College students graduating this month across the United States can expect to feel nostalgic, field questions about their futures, and owe a lot for the education they just received. Student financial aid expert Mark Kantrowitz recently calculated that student borrowers in the class of 2016 are set to have the highest level of debt yet, at $37,172, the Wall Street Journal reported this week. This is up from about $35,000 last year.

“It’s unfortunate that college costs are going up and the student aid, the grants, are not going up at the same rate on a per-student basis,” Kantrowitz, publisher and vice president of strategy at scholarship site Cappex, told the Journal last year. “College is becoming less and less affordable, though it’s still just as necessary.”

For the 2015-16 school year, the College Board estimated the average tuition and fees to be about $9,410 at four-year, in-state public institutions. Room and board was about $10,140 annually. To afford this, millennials have taken out loans that often leave them delaying buying houses or getting married.
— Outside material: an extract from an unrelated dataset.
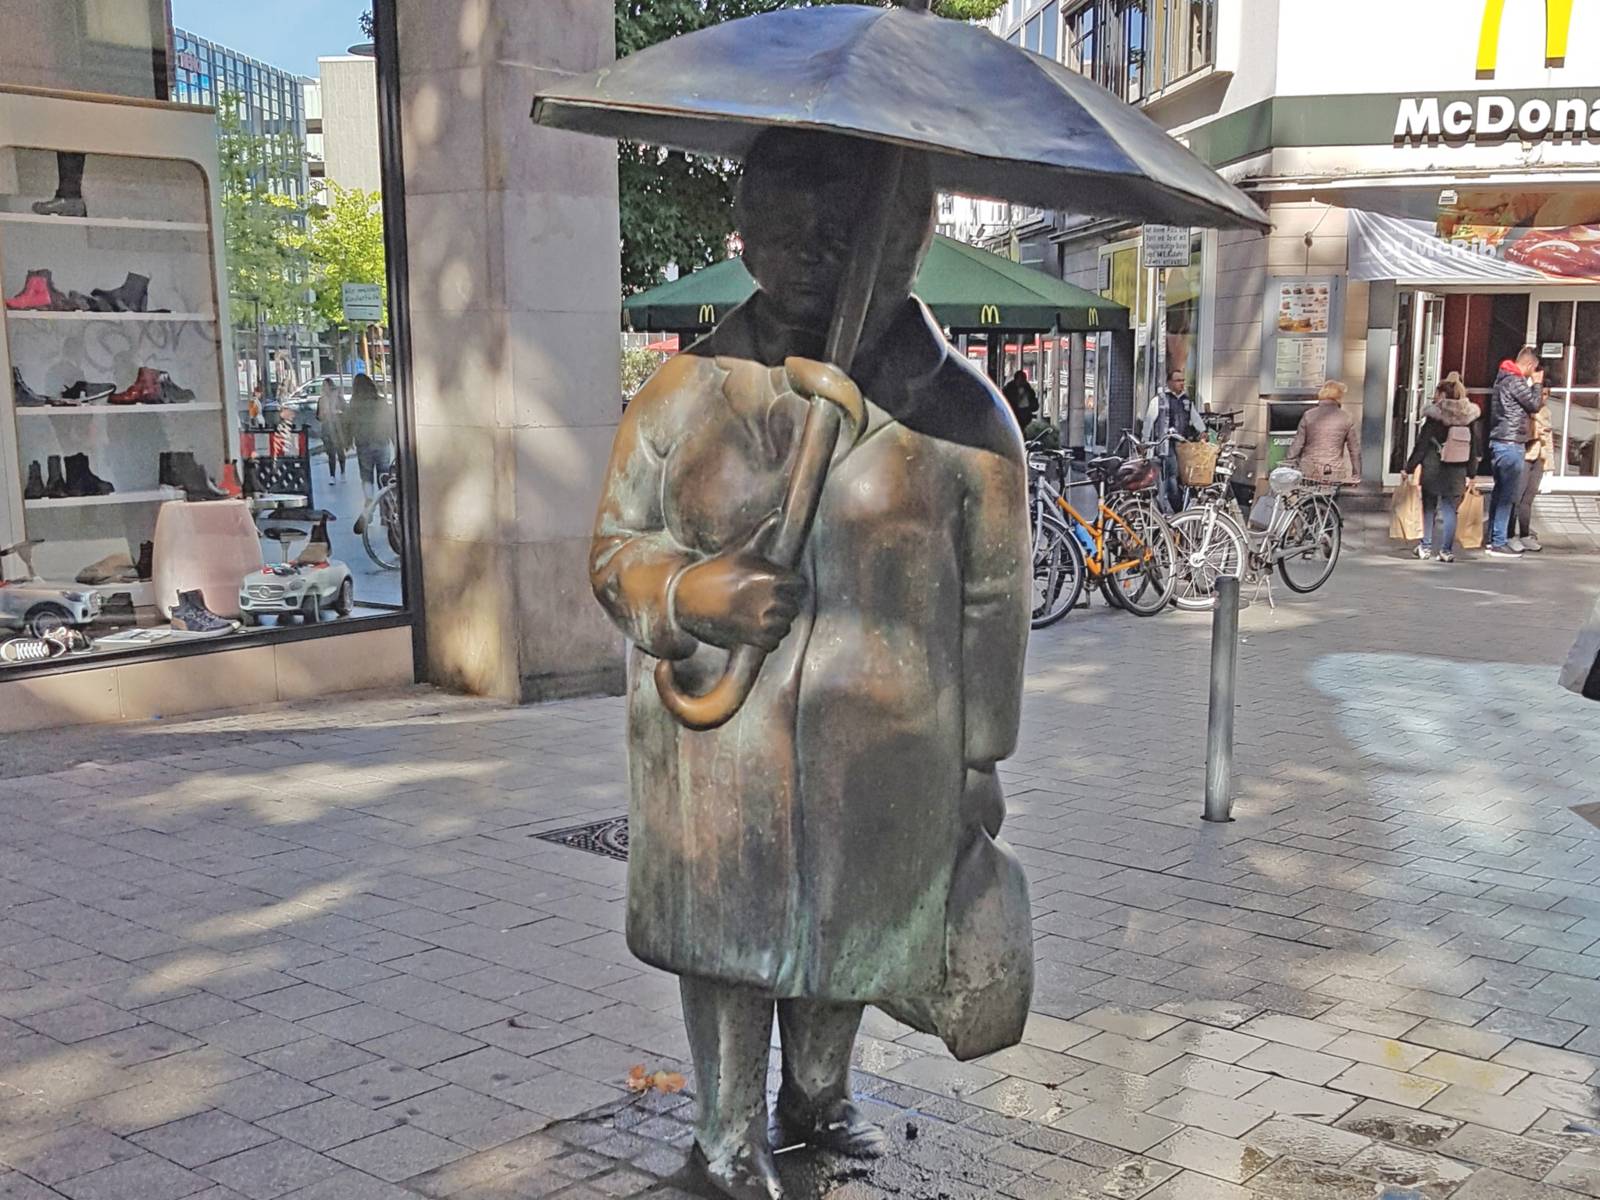 Skupltur einer Frau mit Regenschirm

But if you’re getting ready to get your diploma, don’t despair. The White House announced in an April blog post the rates of recent graduates defaulting on their loan payments or becoming delinquent for not paying regularly have fallen in recent years. Meanwhile, CBS News noted the average starting salary for recent graduates recently has increased to $43,000, according to data released in January by the Federal Reserve Bank of New York.

In any event, the class of 2016’s activism on the topic has already begun. Raleigh resident Maigan Kennedy went viral last month when she posted graduation photos where she posed with her student loan bills. She told Mashable that “the shoot was three parts comedy, two parts commentary on the difficulty of paying for education in the states.”